Again, it all comes down to your specific needs and application. But, as a general rule of thumb, you should keep the following in mind:

  • If you’re conveying fragile or delicate products, look for conveyors with a gentle conveying action, like tubular cable conveyors or belt conveyors.
  • If you need to transport large volumes of product in a short amount of time, look for high-speed conveyors, like pneumatic conveyors. However, this could compromise product quality.
  • If you need to transport your product up or down an incline, look for conveyors that are specifically designed for inclined applications, like tubular and pneumatic conveyors.
  • If you’re looking for a flexible solution that can be configured to fit any space, look for modular conveyors (such as Cablevey conveyors).
  • If you’re looking for an energy-efficient option, consider a tubular drag conveyor.

As you can see, there is no one-size-fits-all answer when it comes to choosing the right conveyor equipment for your food processing facility. The best way to find the right conveyor for your needs is to consult with a specialist who can help you assess your specific application and choose the best solution.

What are food-grade conveyors made of?

The best material used for a food processing conveyor is stainless steel. Stainless steel is durable, easy to clean, and cost-effective. It does not corrode like other metals, meaning it doesn’t deteriorate over time.

The first important characteristic that separates stainless steel from other materials is that it is non-porous. This means that bacteria and other contaminants cannot penetrate the surface of the metal, making it the ideal material for food-grade conveyors.

The second important characteristic of stainless steel is that it does not outgas. Outgassing is the process by which a material emits small particles into the food product. These particles are not harmful, but they can change the flavor profile of the food.
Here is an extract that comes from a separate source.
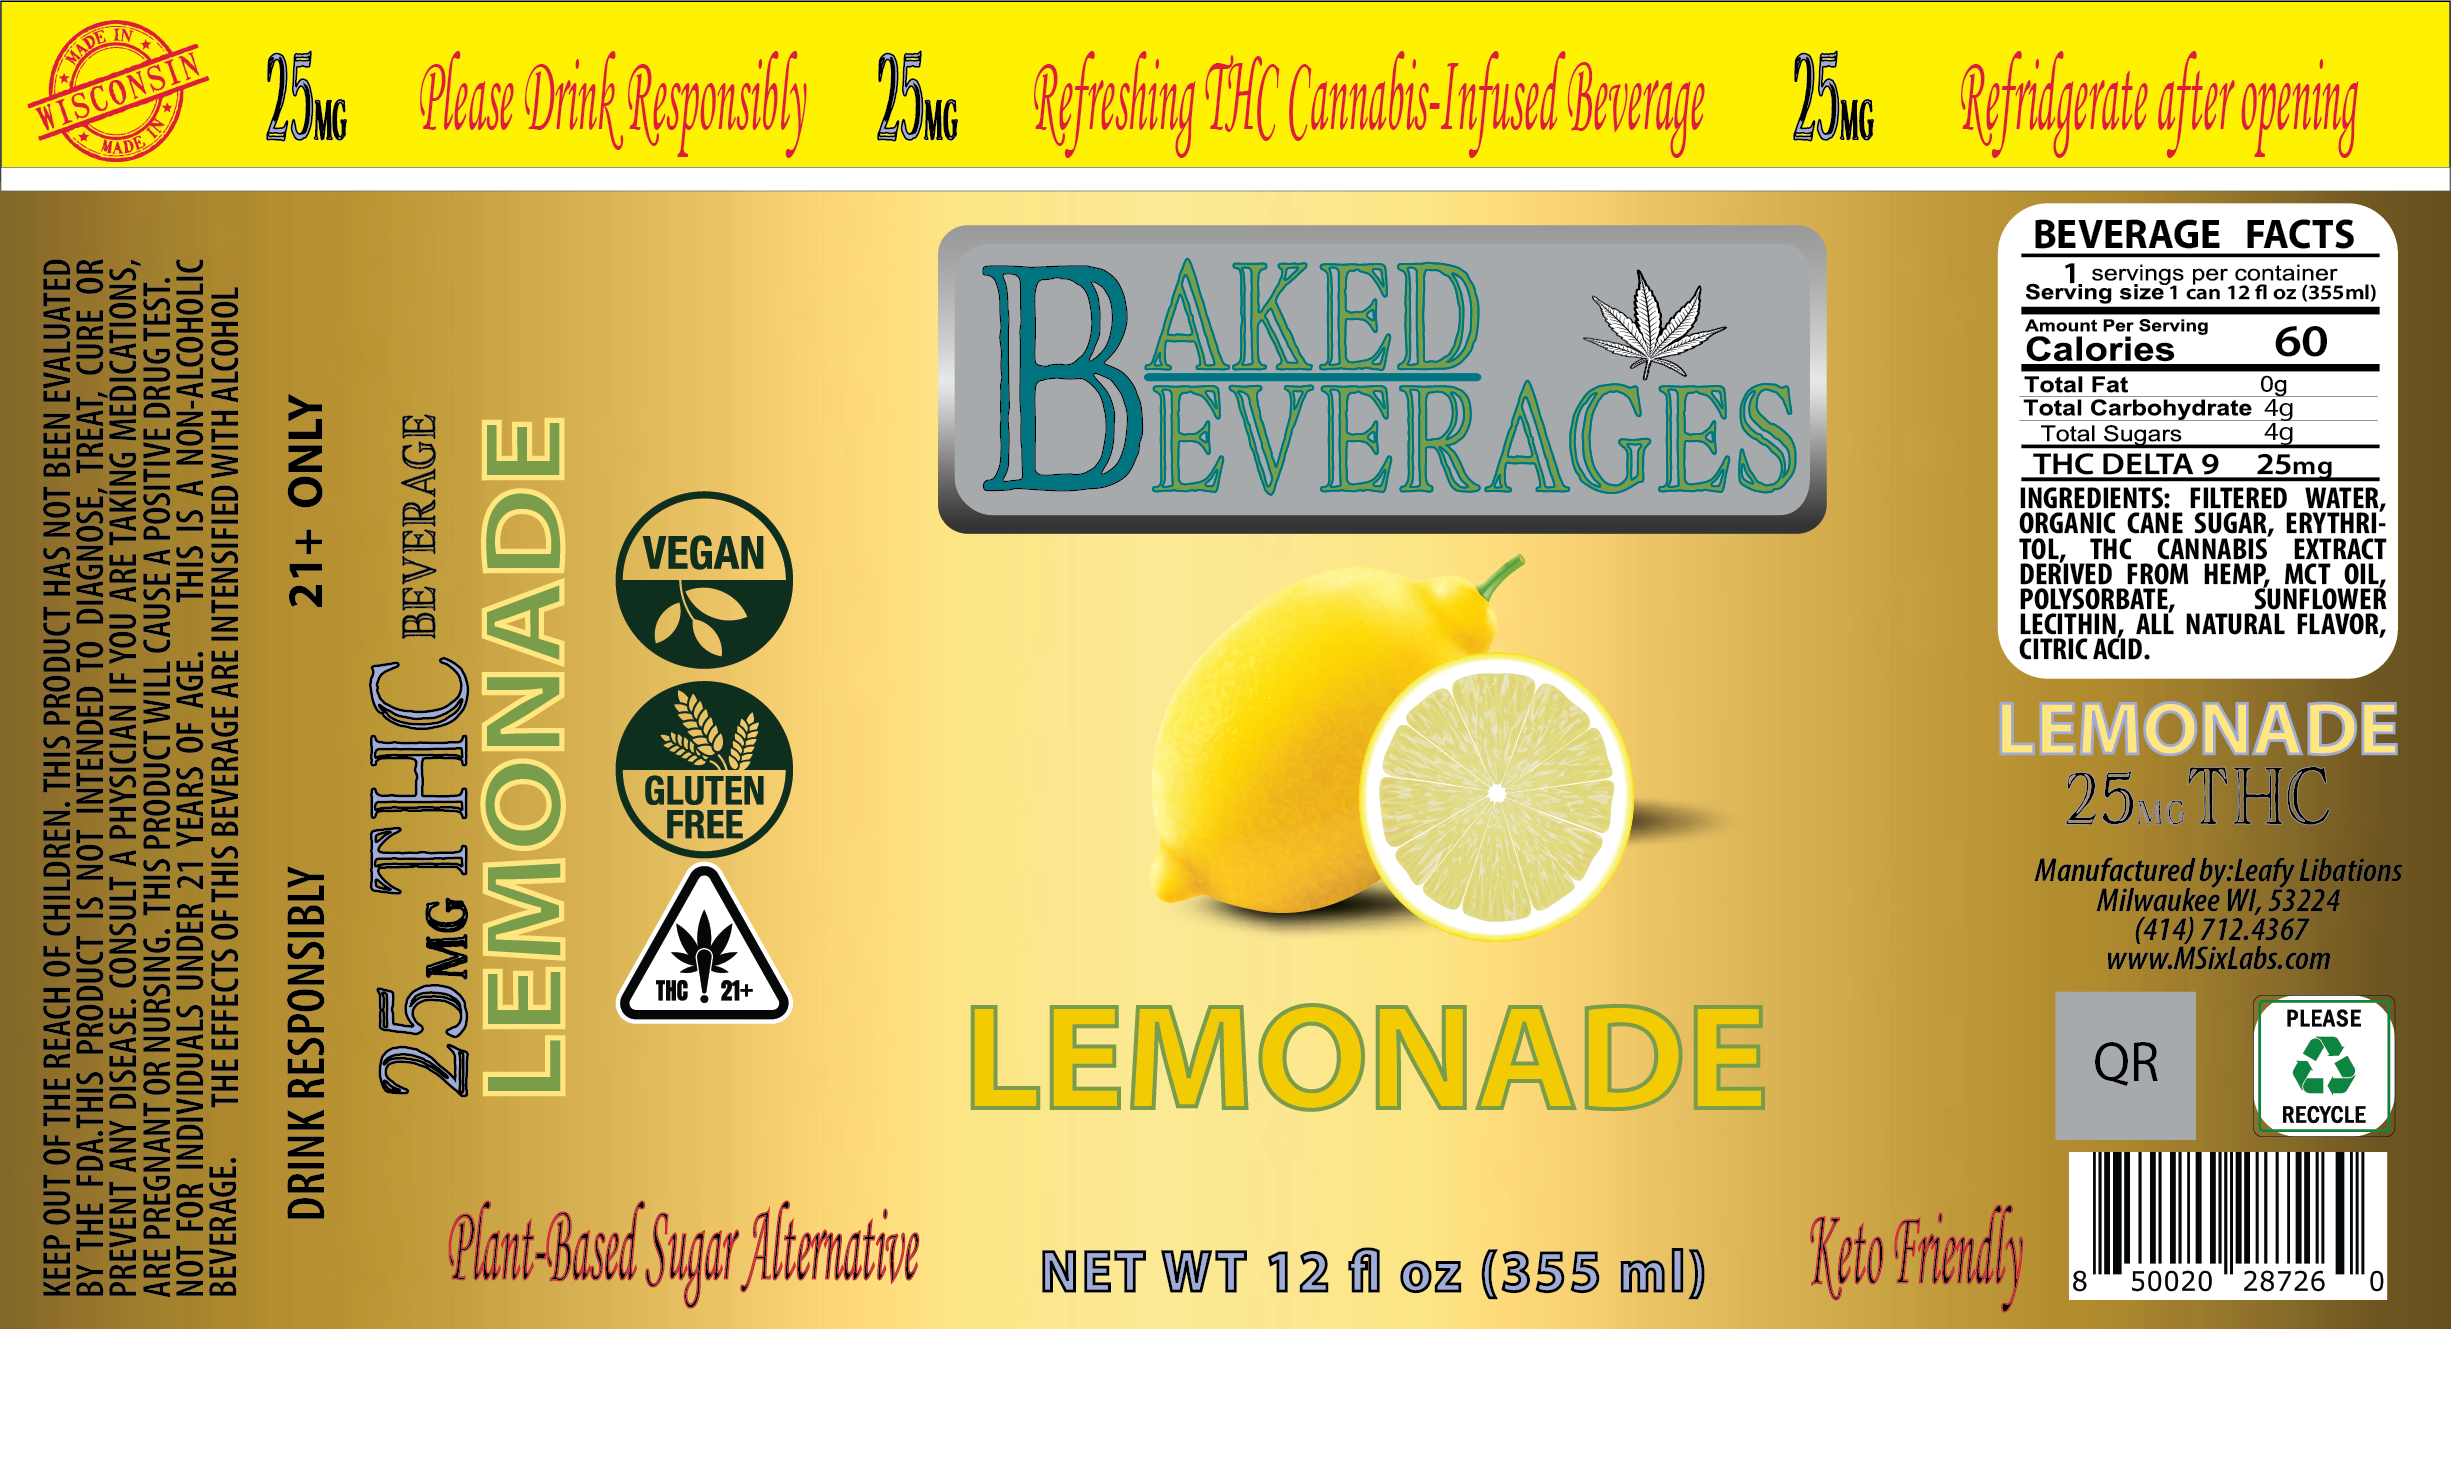 25mg THC Lemonade / 12oz can || Baked Beverages

Other materials that can be used for food-grade conveyors include aluminum, PVC, and polypropylene.


We’ve listed 5 of the most commonly used and most suitable conveyors for food processing. From belt conveyors to pneumatic conveyors, each type has its own set of pros and cons that make it more or less suitable for different applications.

Tubular cable and disc conveyors are worthy of consideration for any food processing facility, as they offer many advantages in terms of product integrity, food safety, and design flexibility.